Withouth further ado, here’s the distance_to_goal
function that we
will adopt:
1 sub distance_to_goal ($node, $goal) { # we *know* what the goal is
2 my ($g, $m) = $node->@{qw< generators microchips >};
3 my $d = 0;
4 my $mask = 0x80000000;
5 my $count = 0;
6 for my $w (3, 2, 1) {
7 for (1 .. 8) {
8 $count++ if $g & $mask;
9 $count++ if $m & $mask;
10 $mask >>= 1;
11 }
12 next unless $count;
13 $d++; # at least one movevement with one or two items
14 $d += 2 * ($count - 2) if $count > 2; # back and forth for the rest
15 } ## end for my $w (3, 2, 1)
16 return $d;
17 } ## end sub distance_to_goal
We are counting how many steps it would take us to complete the puzzle if we had no constraint on the simultaneous placement of generators and microchips. This ensures that we have an underestimation, because that added constraint is what requires us to take extra steps.
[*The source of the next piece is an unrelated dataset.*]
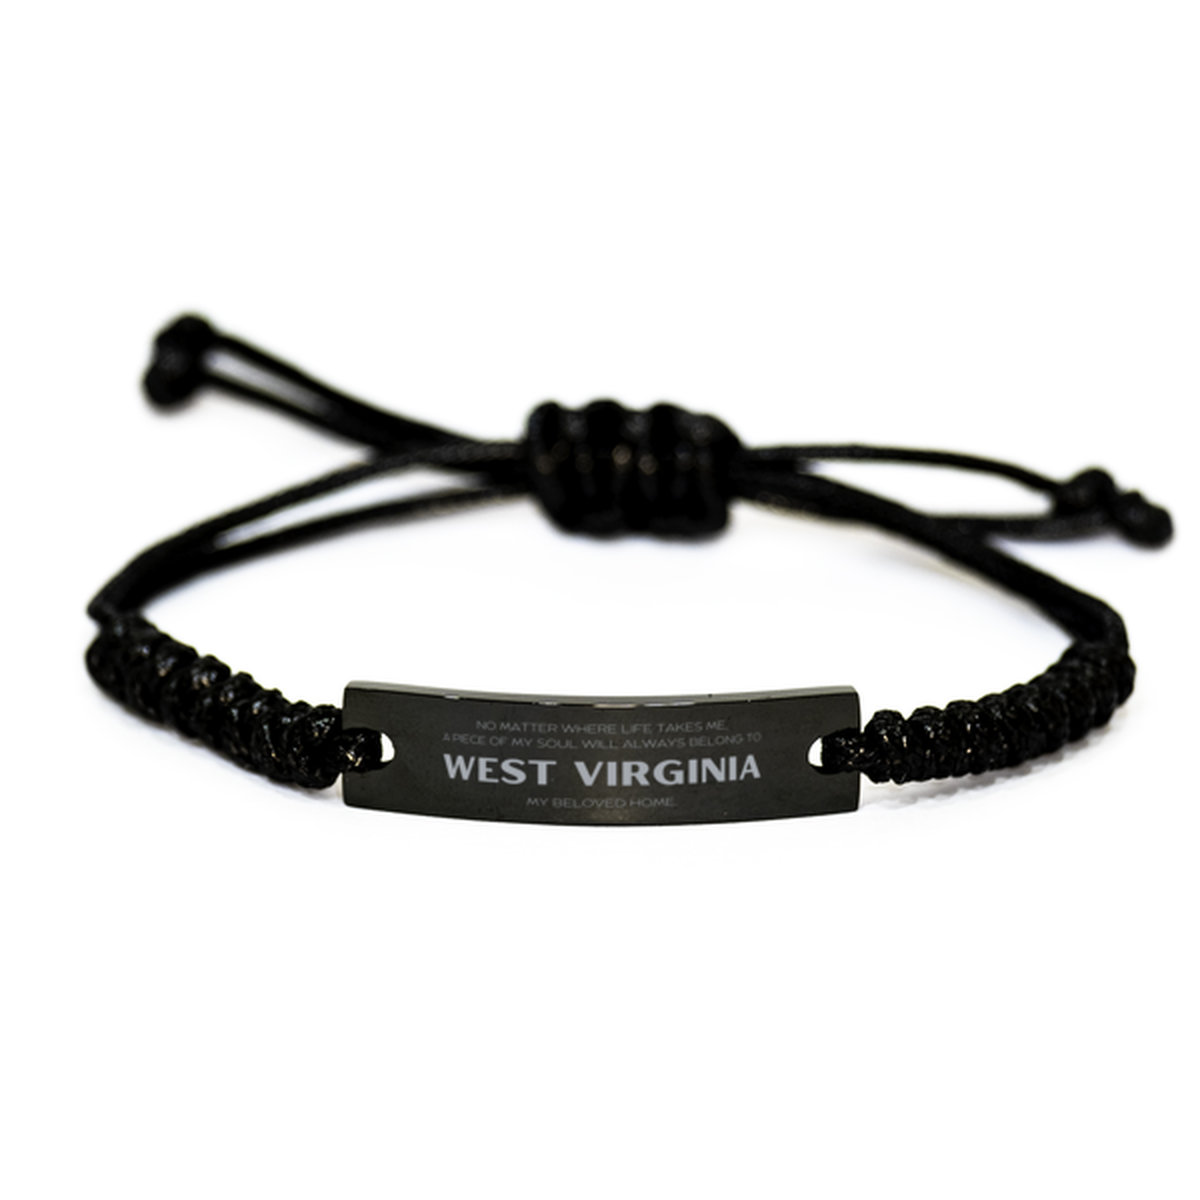 Love West Virginia State Gifts, My soul will always belong to West Virginia, Proud Black Rope Bracelet, Birthday Unique Gifts For West Virginia Men, Women, Friends

At each floor (line 6) we count the number of generators and the number
of chips that we have, by using a moving bit in $mask
(lines 7 to 11).
We will assume that the elevator starts from floor 1, but it will not
determine moves until we find something.
Next, we count how many steps it would take us to bring all the microchips and generators from the current floor to the next one. This is only done if there are any, of course (line 12), and proceeds like this:
- we have to take at least one step to bring one or two items, which accounts for line 13;
- whatever goes beyond two items will be transported singularly (because the elevator must go back to take anything else) and will determine a back-and-forth, hence two steps as shown in line 14.
When this has been done, $count
is ready to be potentially
incremented with the items that were already in the destination floor,
i.e. we are ready for the next iteration of the loop in line 6.
After scanning all three floors like this… we can return the total minimum distance found so far (line 16).
I hope it was all clear! Possibly it might be smarter… but it’s better than before, admissible and for the time being we can just wait to use it!